The studies about women's fertility dropping after age 35 are very very flawed. They've been proven to be poor evidence of fertilities links to age based on century old data.
Also not having a child isn't the worst thing for everyone. Some people are quite happy childless.
Some interesting bits of insight into it:
Jean Twenge, a psychologist at San Diego State University in the US, was 34, recently remarried, and looking to start a family, when she heard it from her doctor.
"That was very frightening to me, as it is to many women who are in their 30s," she says.
Confronted with those odds, she wanted to find out where the statistic had come from. And she discovered something quite amazing.
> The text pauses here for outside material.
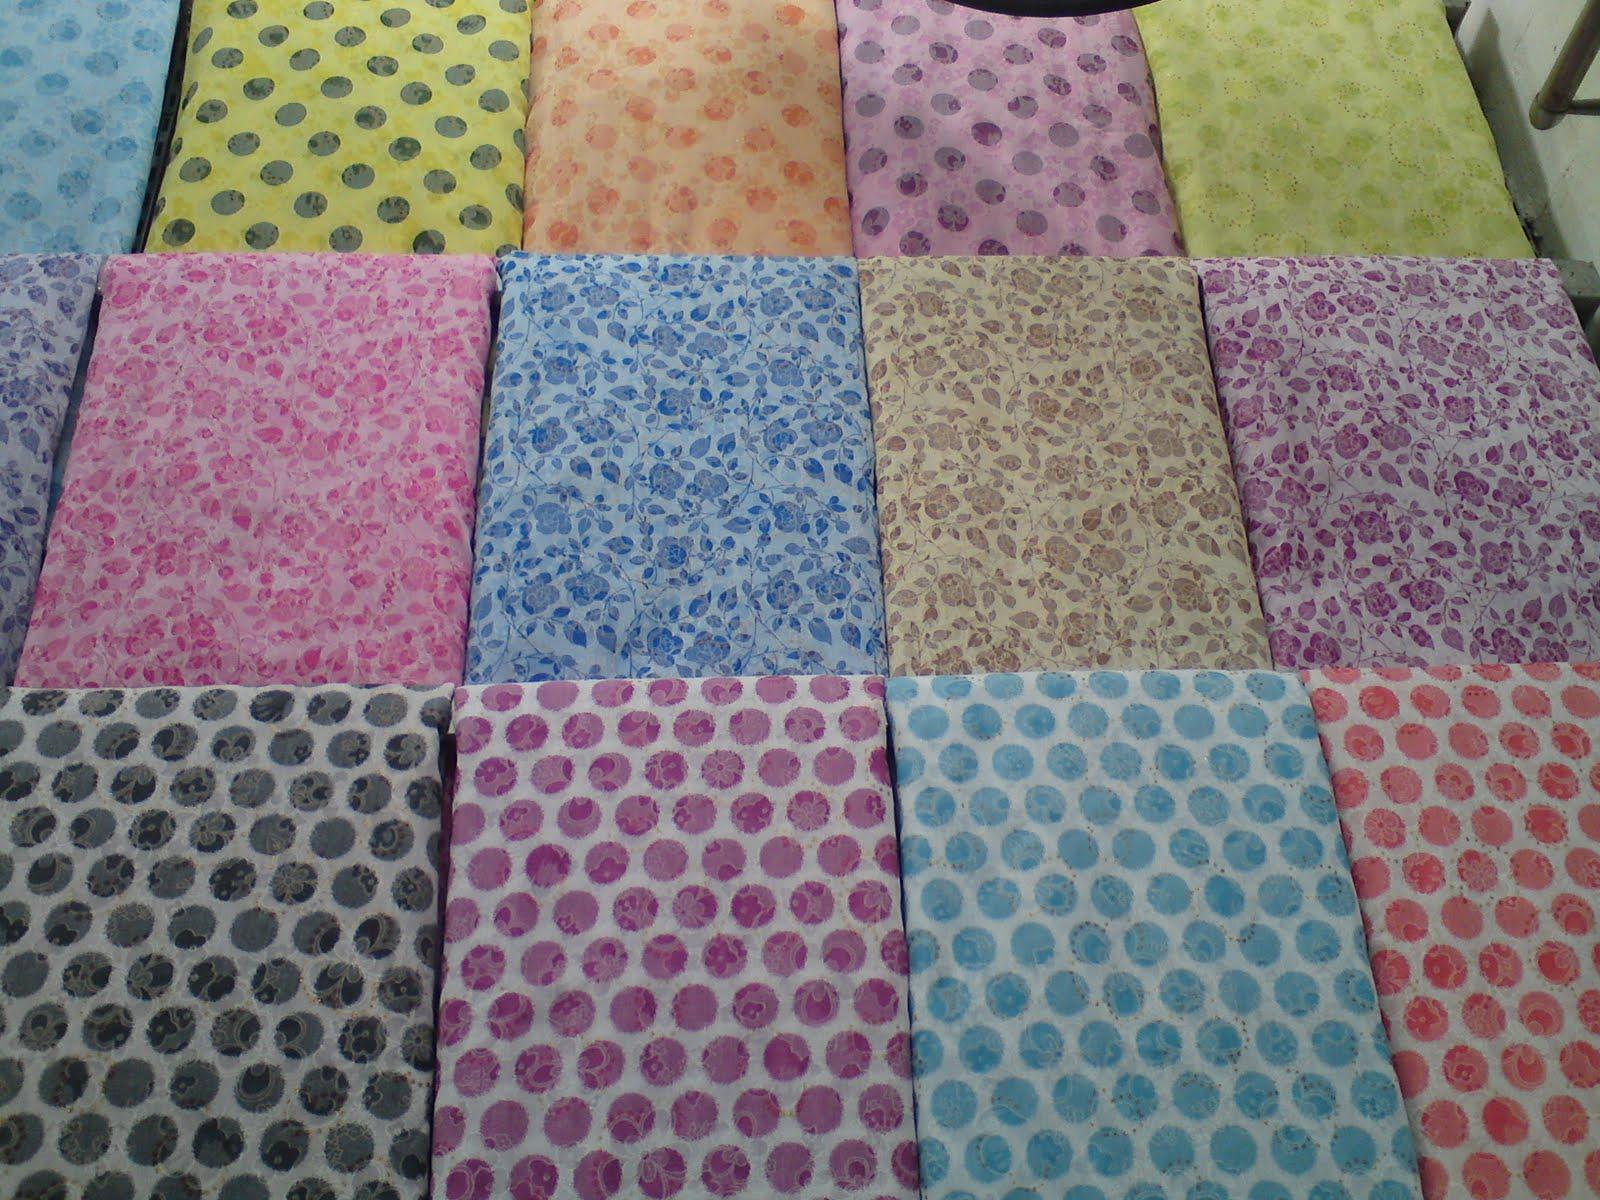 9914112 (layari facebook ceriashoppingmall): Kain cotton corak terkini

"The data on which that statistic is based is from 1700s France. They put together all these church birth records and then came up with these statistics about how likely it was [someone would] get pregnant after certain ages."
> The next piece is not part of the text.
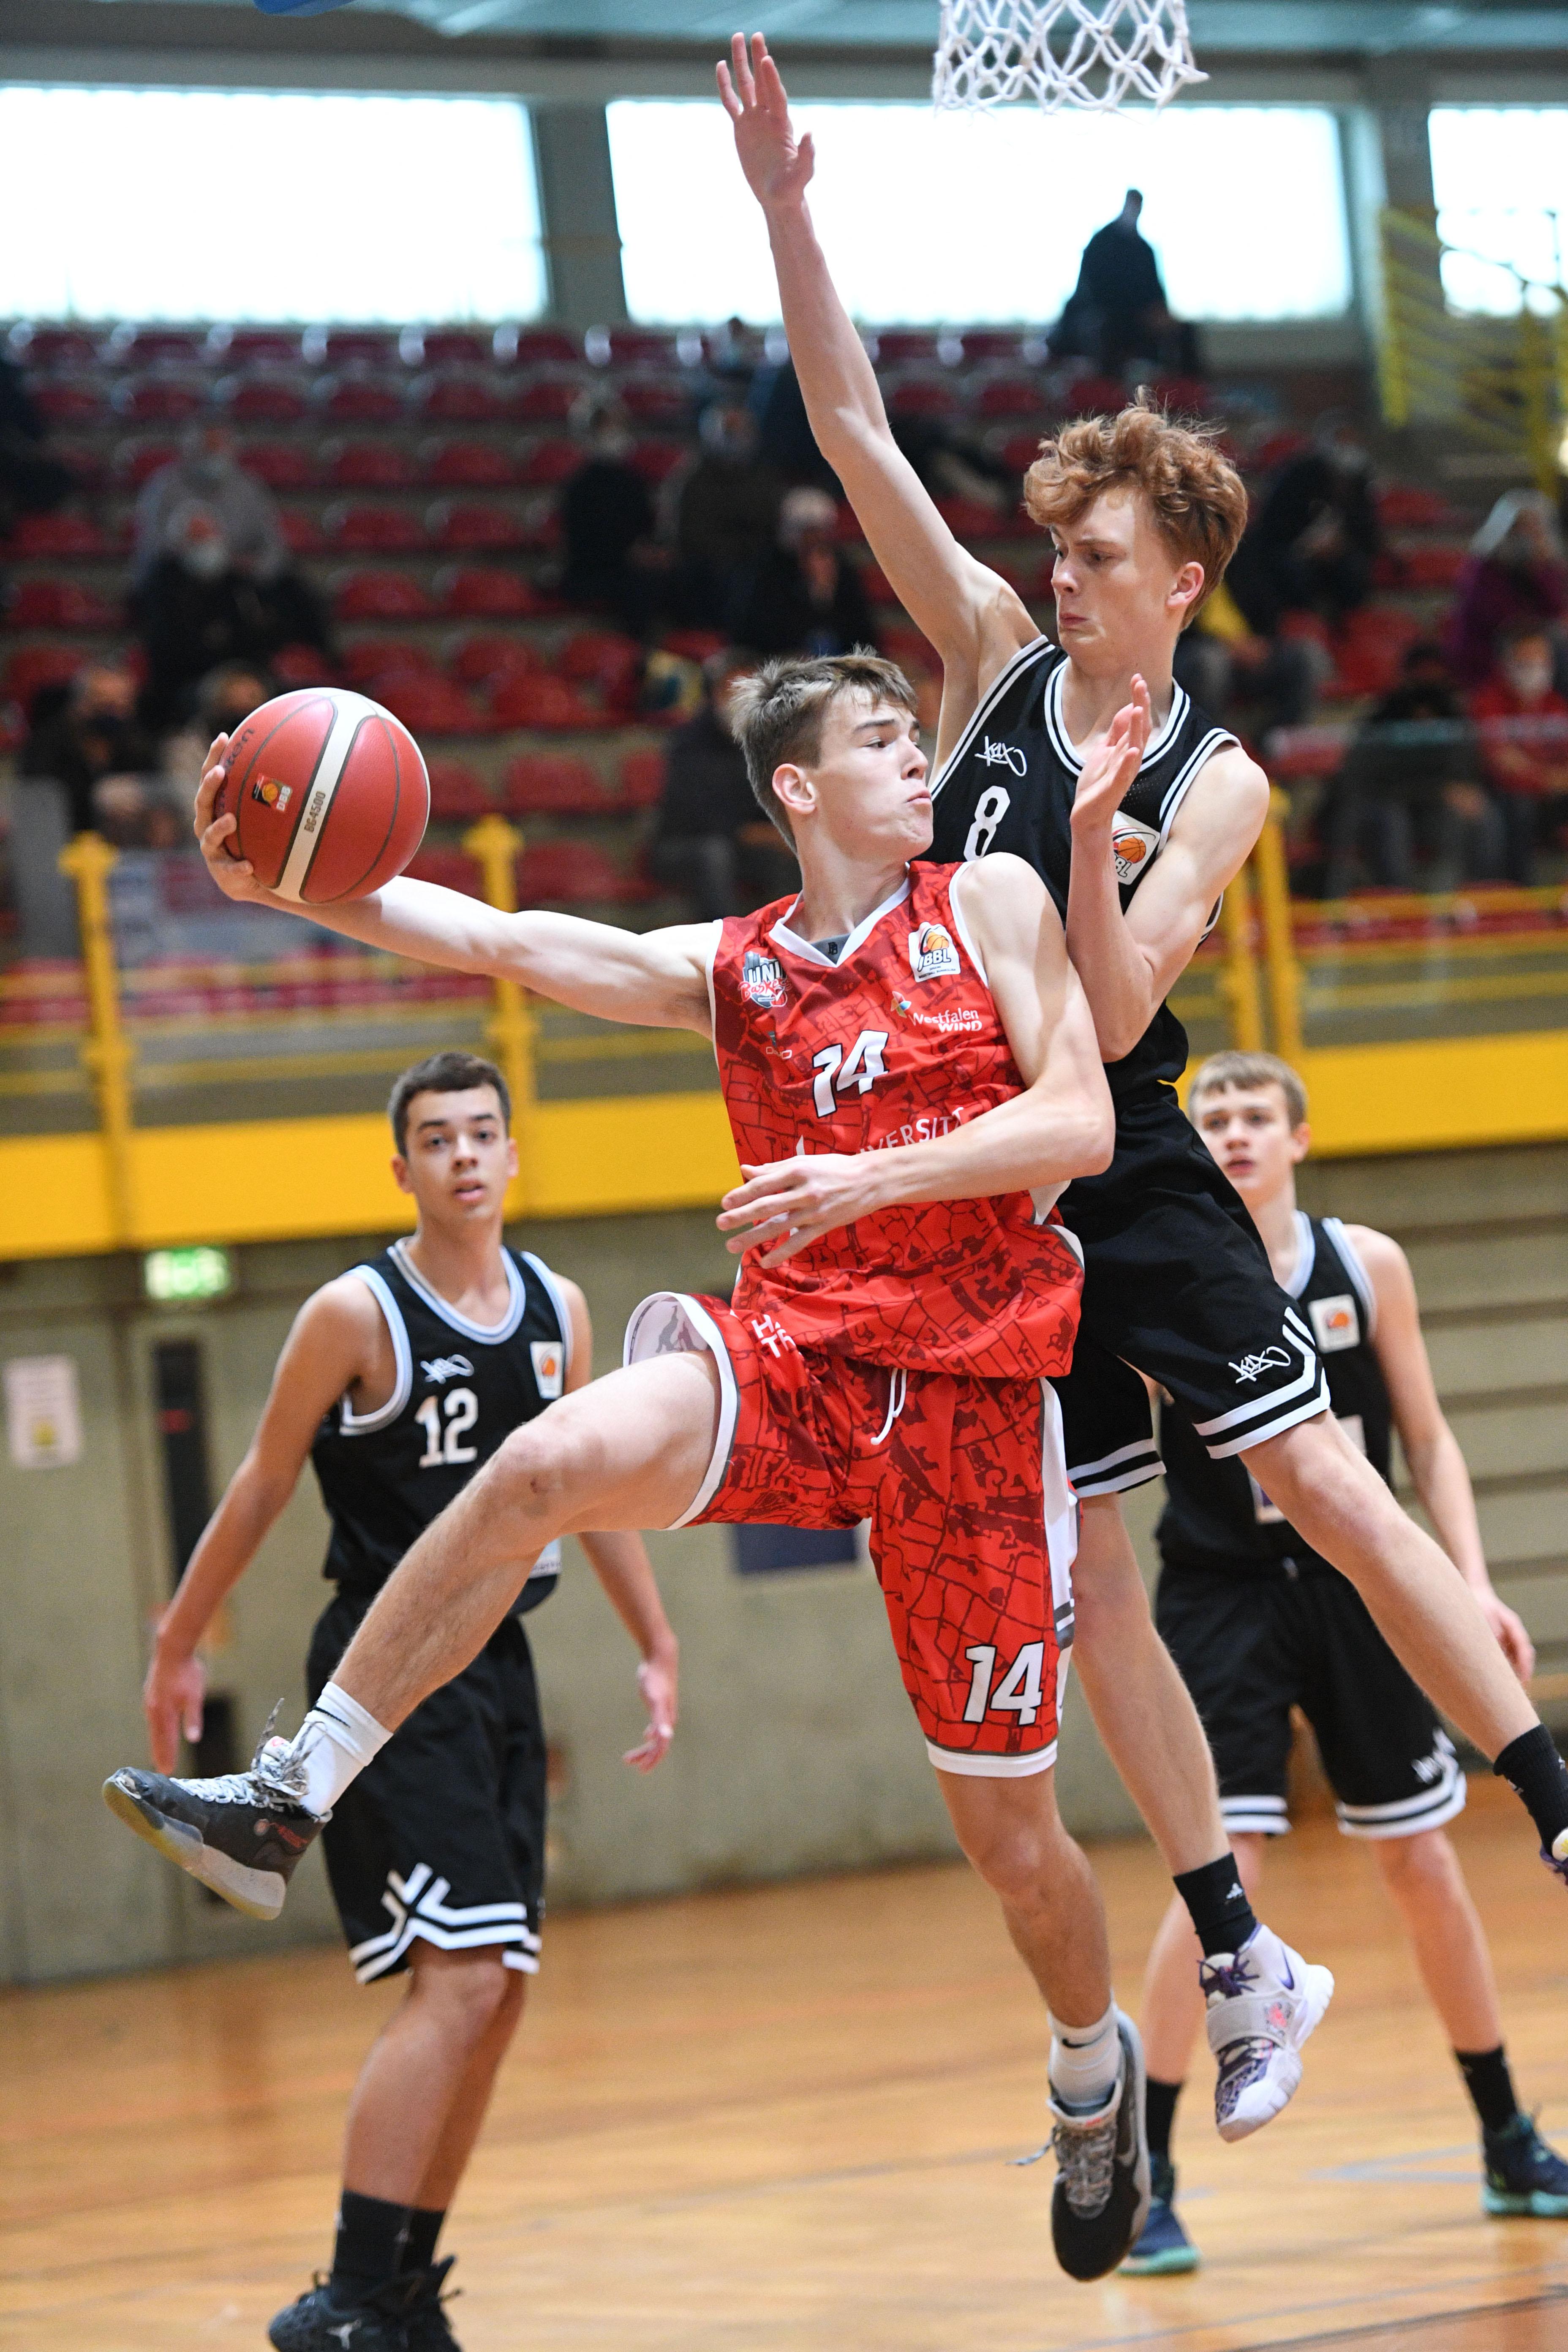 2020-10-18-JBBL-Uni-Baskets-Paderborn-UBC-Muenster_7940

These are women who had no access to modern healthcare, nutrition or even electricity. Why would any researcher think they can tell us something useful about modern-day fertility?
The most widely cited is a paper by David Dunson published in 2004, which found that 82% of women aged between 35 and 39 fell pregnant within a year. That's significantly better than the two-thirds chance drawn from the 300-year-old birth records.
But can we be confident it's more accurate?
Yes, says David James, of the UK's National Institute for Health and Care Excellence (Nice) fertility guideline development group.
"It was a single study undertaken relatively recently of about 780 women, in seven different European centres. The important point about that was that these were women who were trying to conceive," he says, adding that it is "much more realistic".
The main problem with the historic data, in James's view, is that the women may not have been trying to conceive.
Indeed, they may have been actively trying to avoid becoming pregnant. They may not even have had intercourse.
"There's no doubt that intercourse becomes less frequent the older the couple are," James says. And in the 1700s, people aged more quickly than today.
Another finding of the Dunson study was that, while fertility declines with age, it does not appear to do so as quickly as we have been led to believe.
Among women aged 27-34, the study showed that 86% will have conceived within a year of trying. So the 82% figure for women aged 35 to 39 is only a little lower.